Task instructions -
Below are the records; give again exactly the lines from the one containing "Understanding online shopping behavior" through the one containing "Man smiles on Vancouver street near Gastown", leaving out pictures.

Excerpted records -
%%

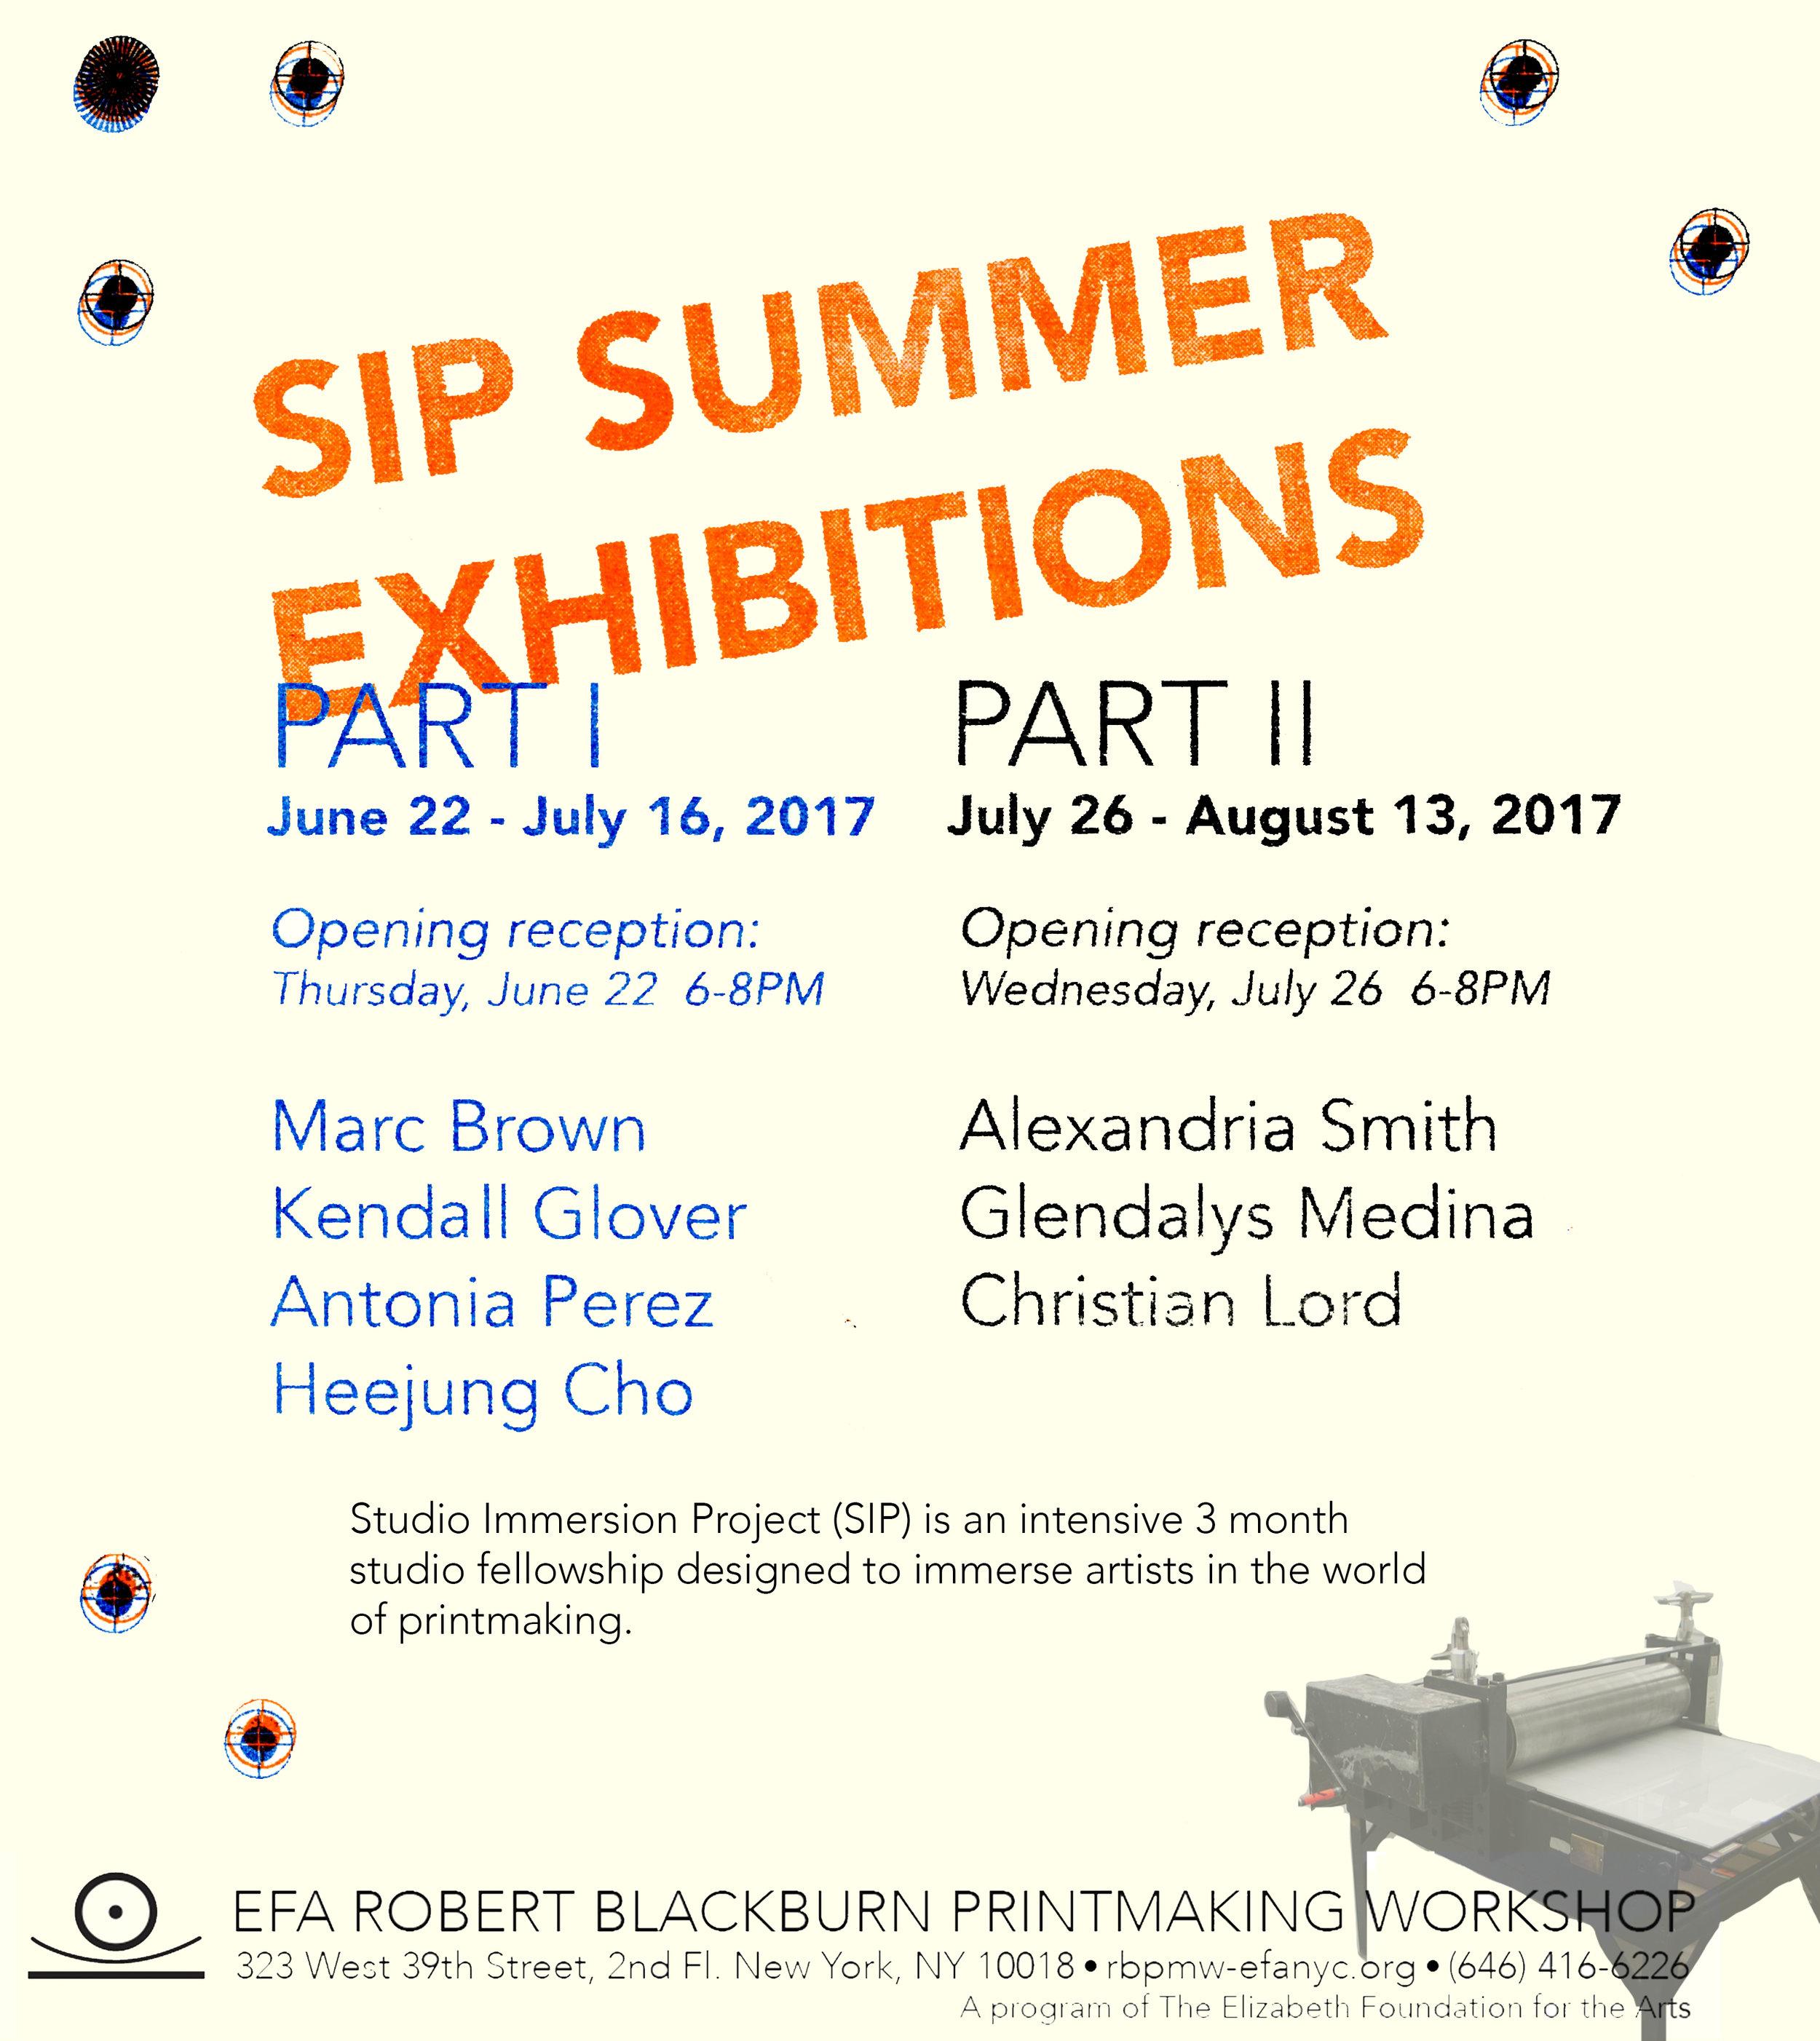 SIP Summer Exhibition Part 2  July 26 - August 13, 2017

%%
%%

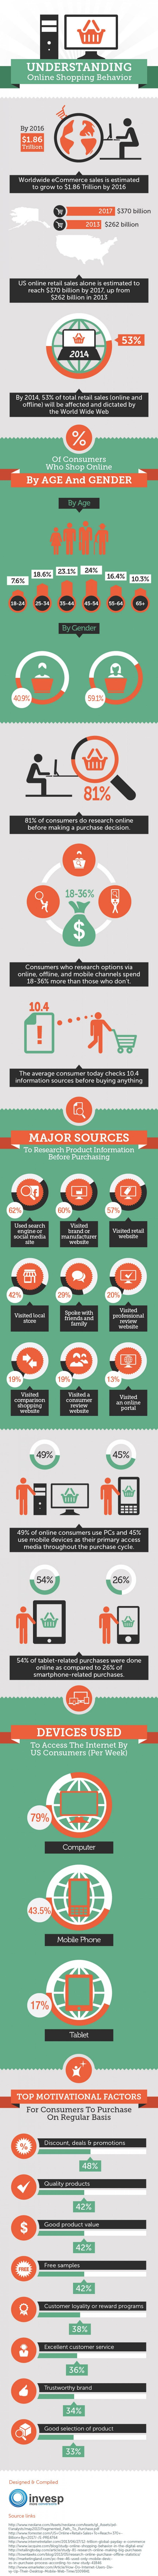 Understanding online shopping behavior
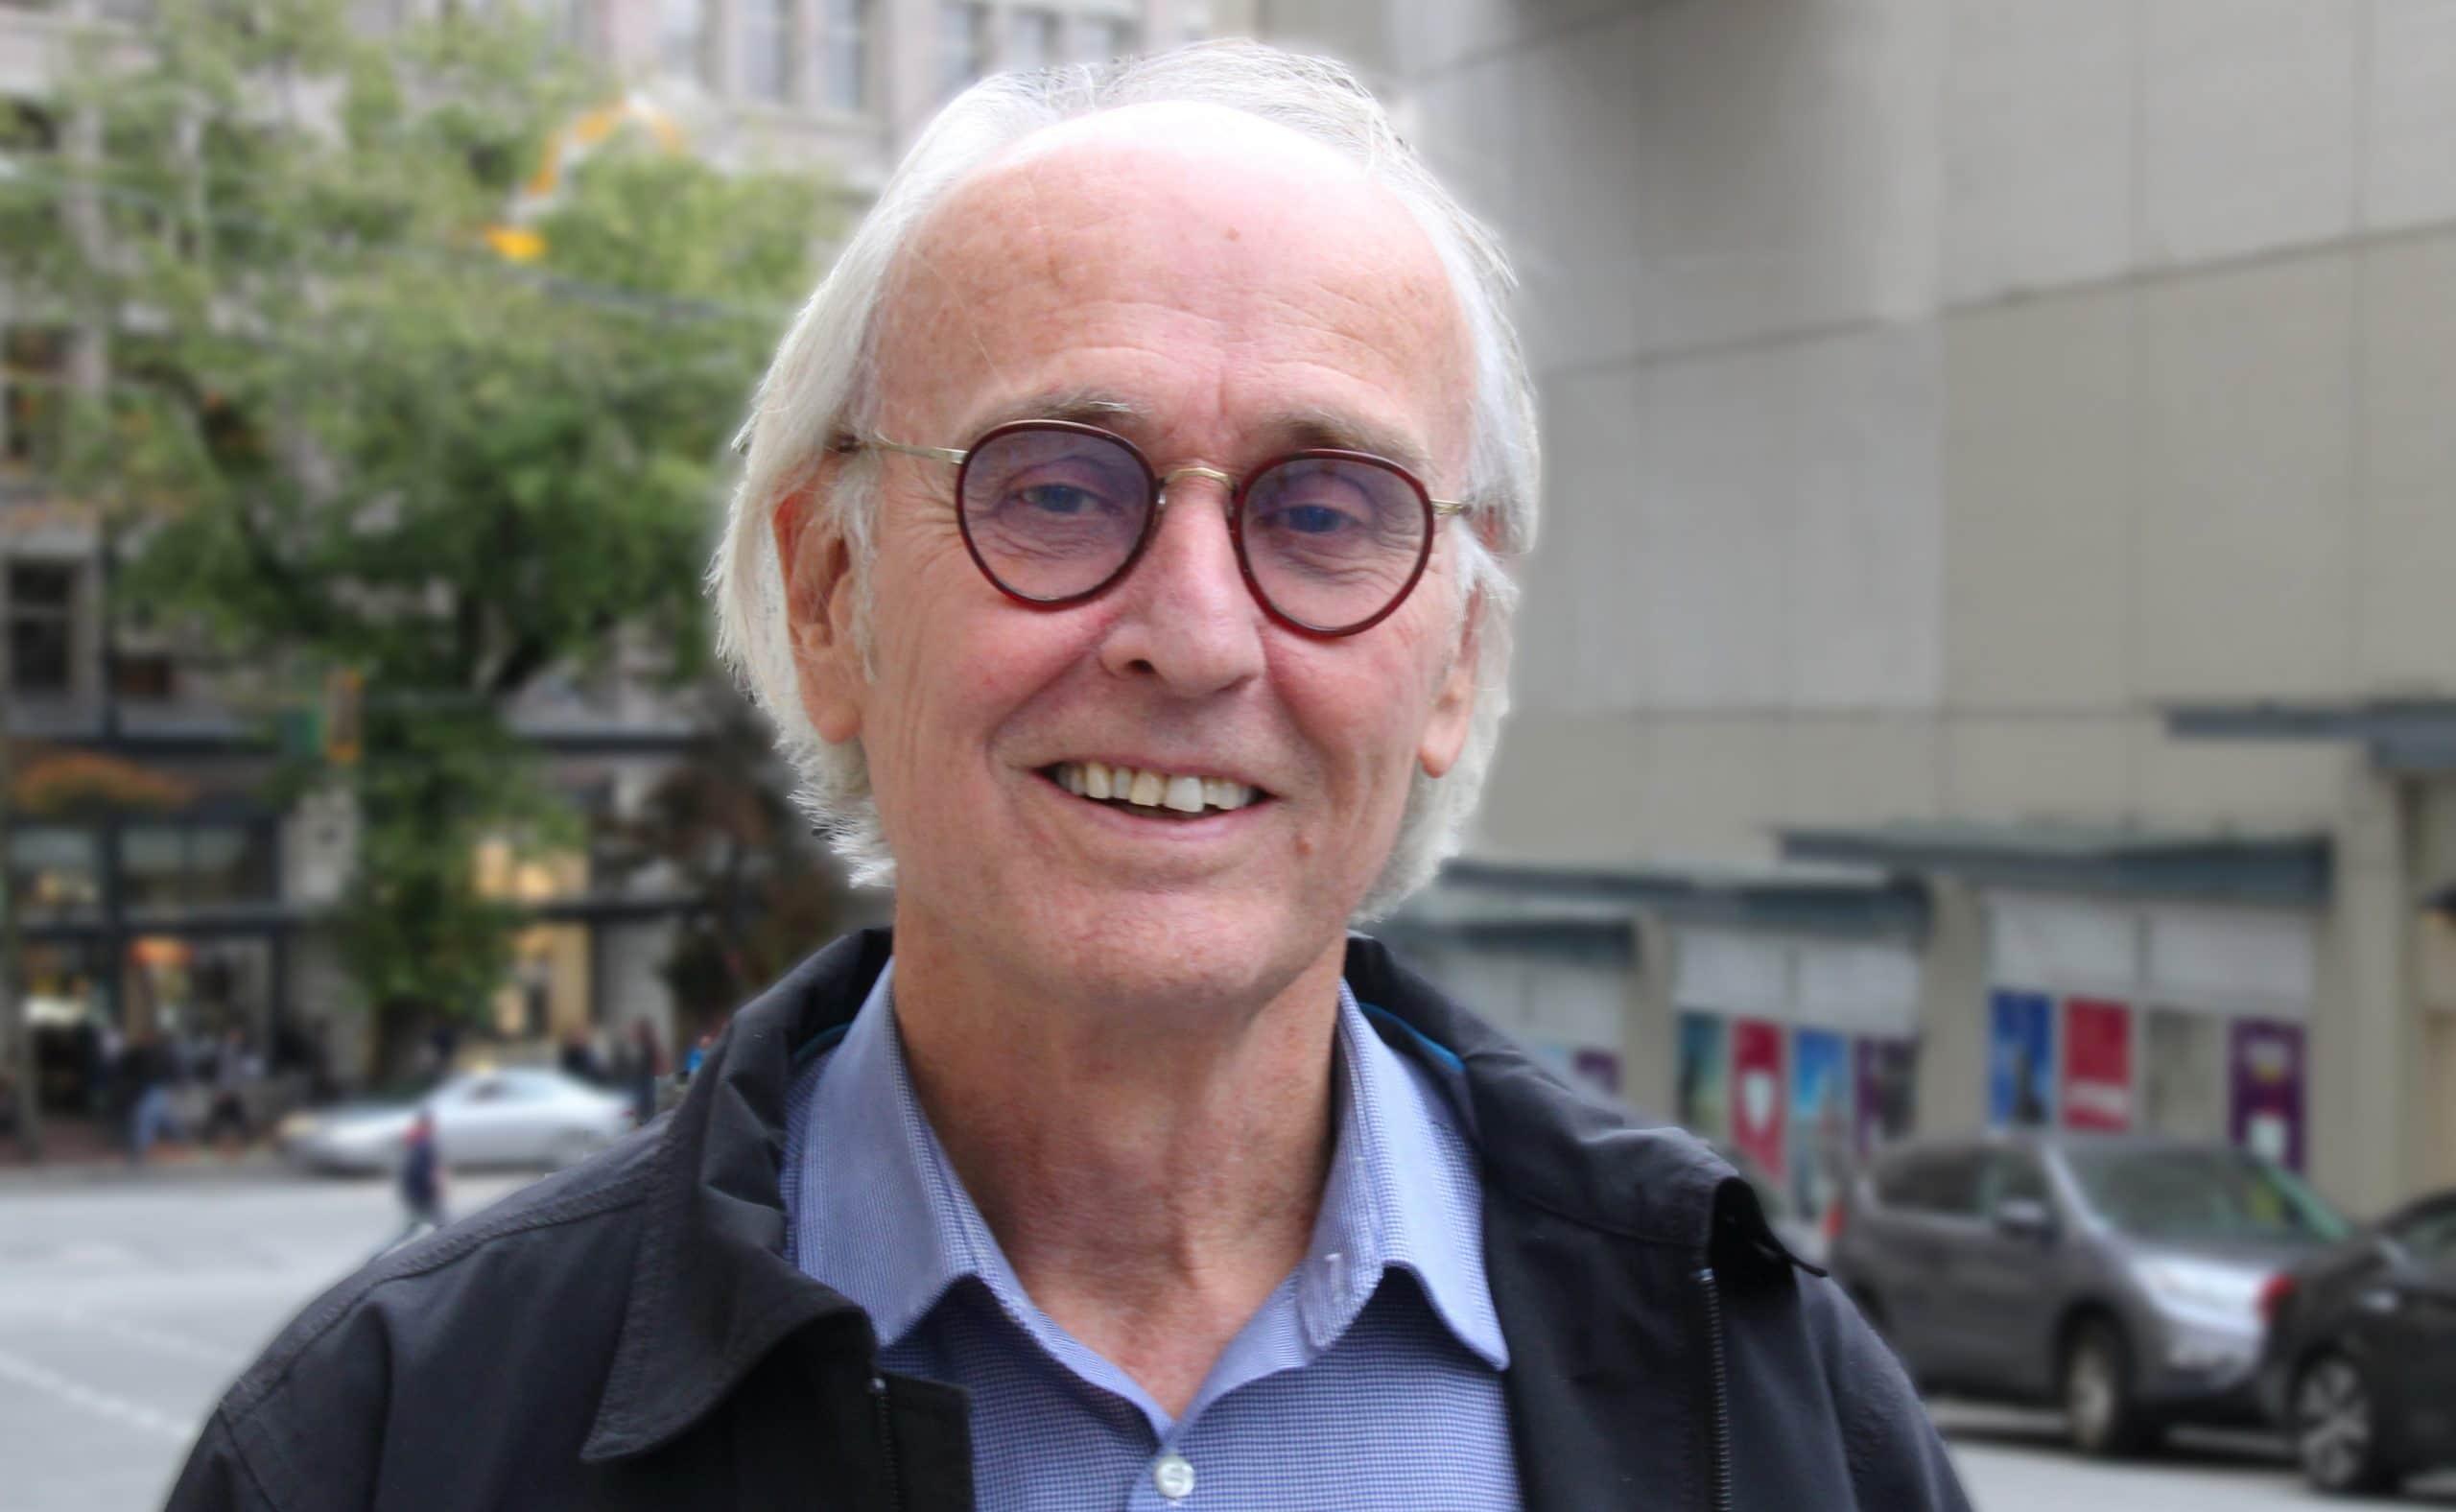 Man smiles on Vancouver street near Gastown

%%
%%

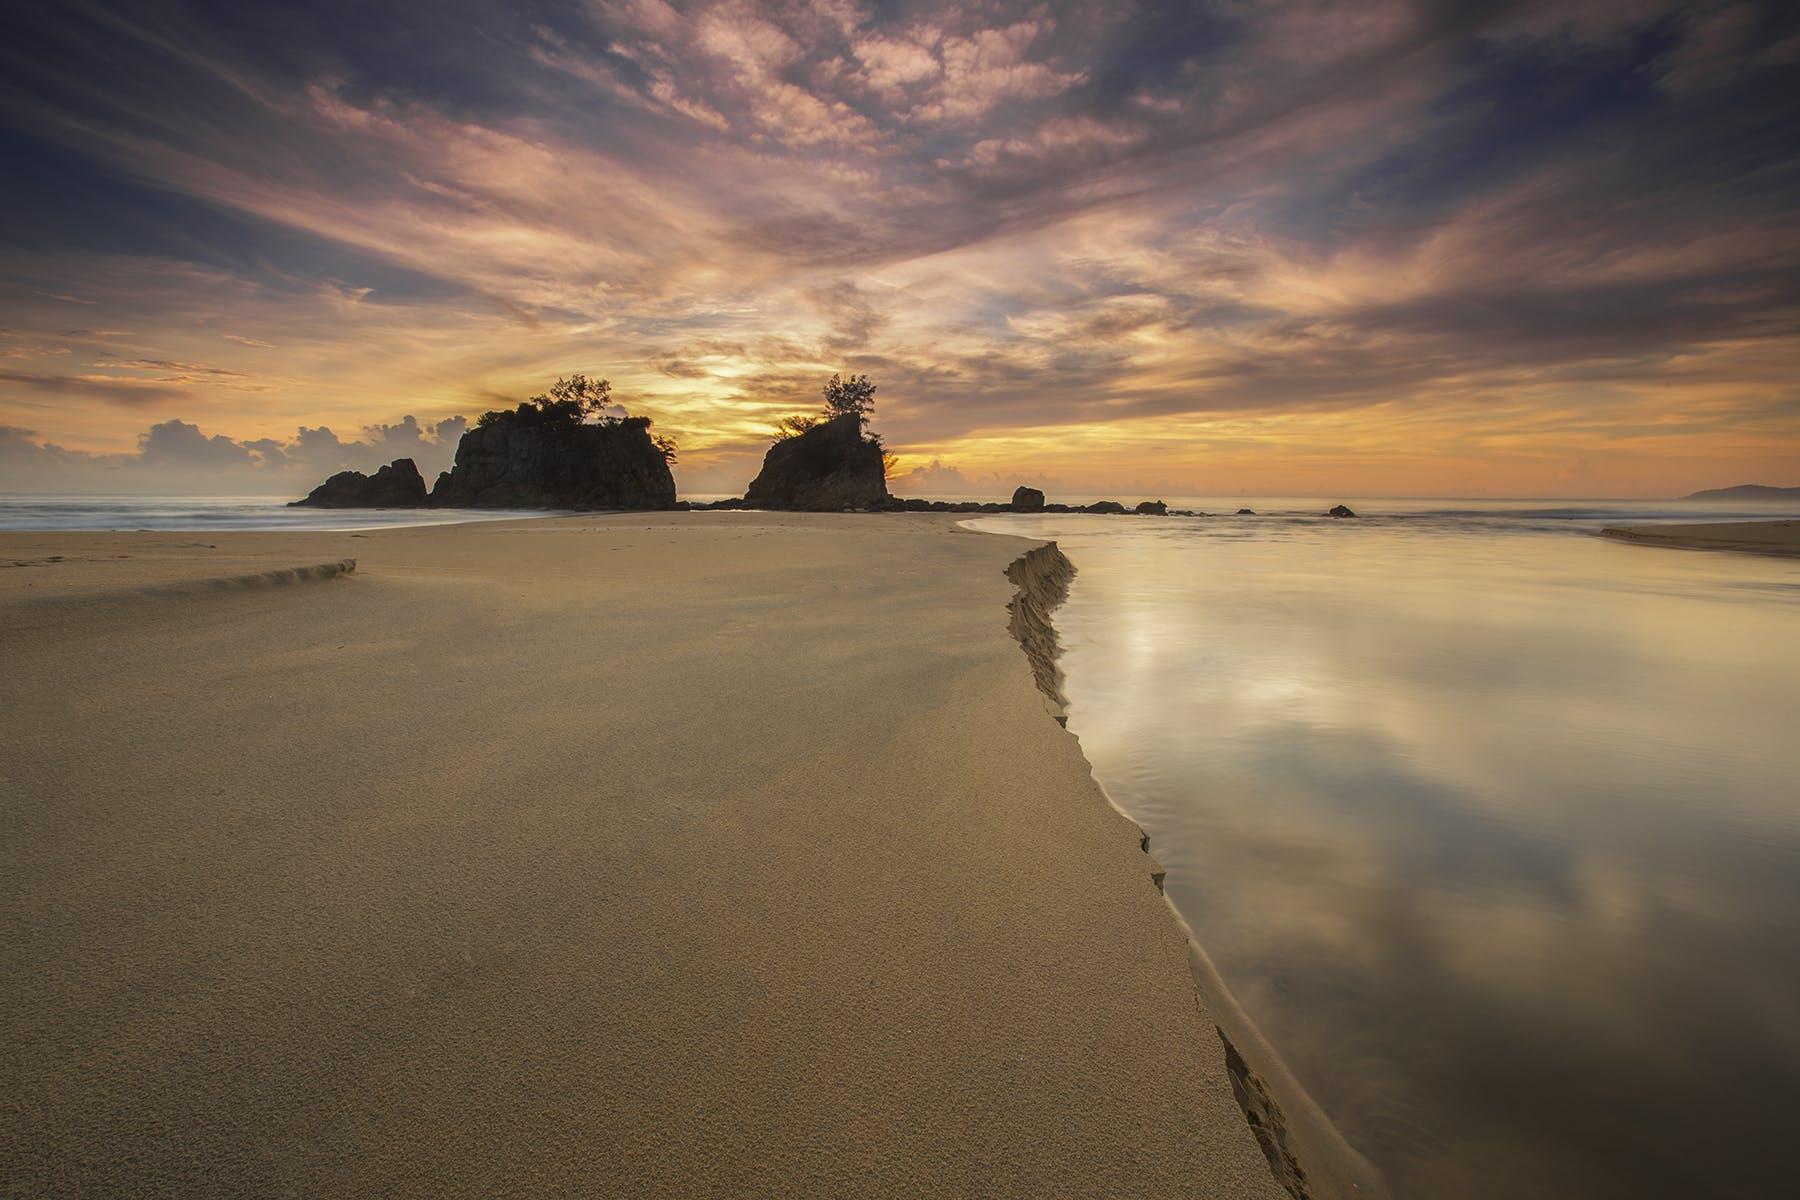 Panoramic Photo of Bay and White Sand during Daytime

%%

Result for this task -
 Understanding online shopping behavior
 Man smiles on Vancouver street near Gastown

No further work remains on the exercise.